Among the most vital audio choices that an editor can make involve equalization and level compression. Equalization (EQ) can be used to accentuate areas of speech critical to intelligibility, and to reduce ranges in which there is useless noise or unwanted effects.
Compression adjusts levels automatically to increase quiet sounds and decrease very loud ones.
When a subject is speaking very close to a microphone, proximity effects often result in excessive low frequency content, making voices sound boomy and indistinct. Judicious reduction of low frequencies can often increase intelligibility and renders the content more useful on smaller speakers (such as laptops) that might otherwise be overloaded with bass. Likewise, adding small amounts of boost to treble regions (i.e., 2 kHz and above) can help percussive parts of speech to be more easily heard, especially over background noise.
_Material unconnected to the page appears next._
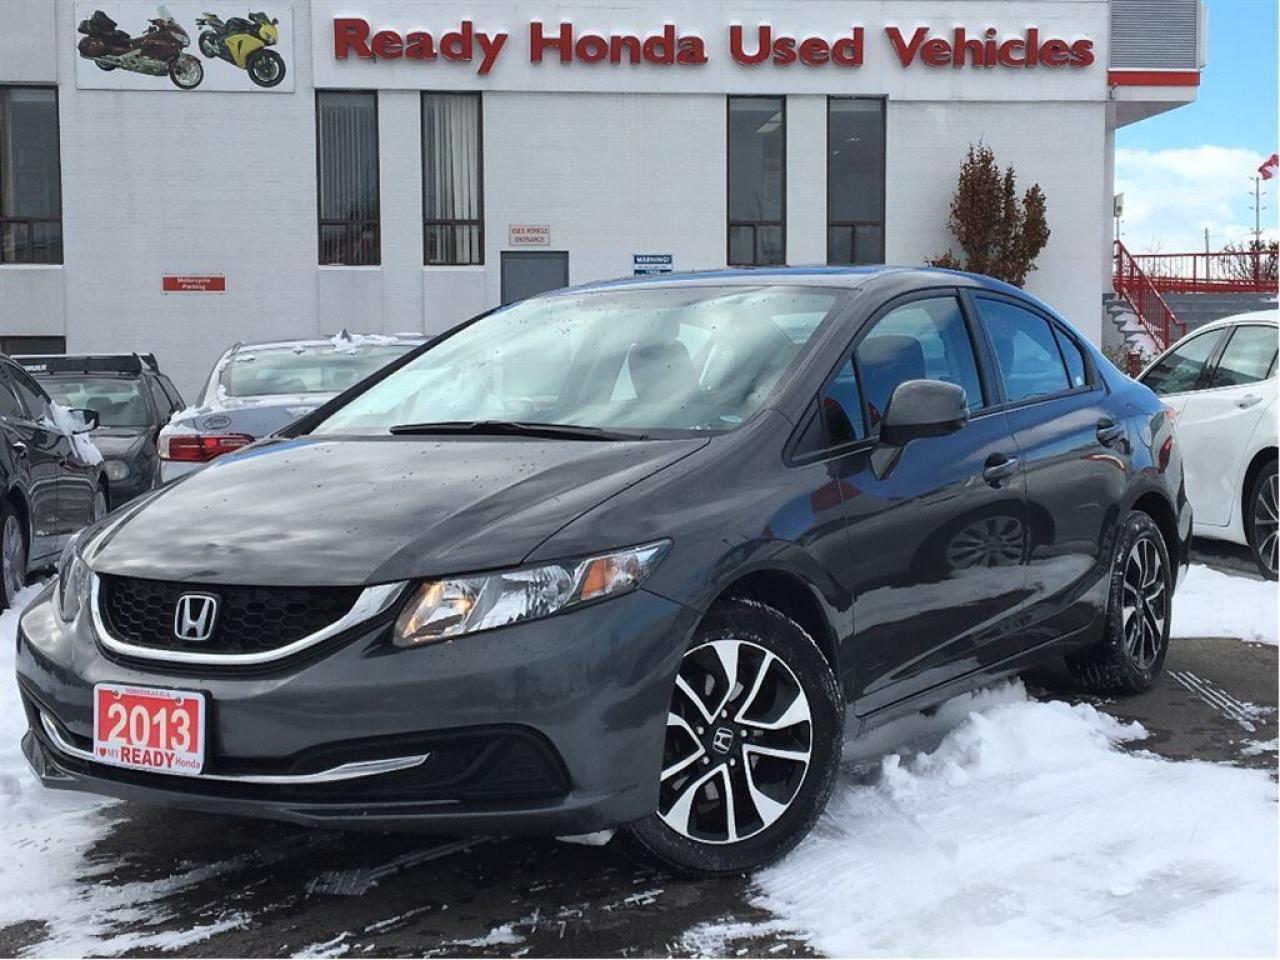 2013 Honda Civic EX - Sunroof - Alloys - Back Up Camera

Level compression is used in nearly 100 percent of music recordings, but is not always well understood. Roughly speaking, a compressor attempts to keep sound at a more constant level, processing incoming signals such that quieter sounds are made louder and louder sounds are made quieter. The degree to and manner in which a compressor changes these levels is of course infinitely adjustable, and countless hardware and software products exist to perform this function, each tailored to different needs and tastes.
The importance and relevance of level compression in modern audio cannot be understated; it is used in all music recordings to make songs “pop” at reasonable volume levels, and it is used by broadcasters to ensure that they are sending out a nearly full-scale signal all the time. Without compression, the radio in your car would be, for example, far more easily buried under the constant road noise. Compression allows average levels to be kept high while preventing peaks from overloading amplifiers and speakers.
The very same attributes that make compression a logical choice for radio applies to audio used as part of video. Without compression, it is very likely that much speech will not easily be heard through small speakers or in noisy environments. Applying audio compression during the video editing process is key to recordings, that come across powerfully on all manners of devices.
The Final Cut
As AV-over-IP continues to advance into everyday reality, workflows for video production will change.
Audinate has recently announced Dante AV, a product that allows manufacturers to build products that transport audio and video over a common network using a common clock, eliminating earlier problems of clock drift.
A Dante AV-based recording system will enable a constant time base to be used throughout, even across, multiple devices. And because Dante audio is so widely used, Dante AV brings immediate interoperability with thousands of existing audio devices and software products.
So, keep those microphones close, keep the background noise down, pay attention to lip sync and listen carefully to how proper EQ and compression can make videos “pop” - even on all our tiny devices.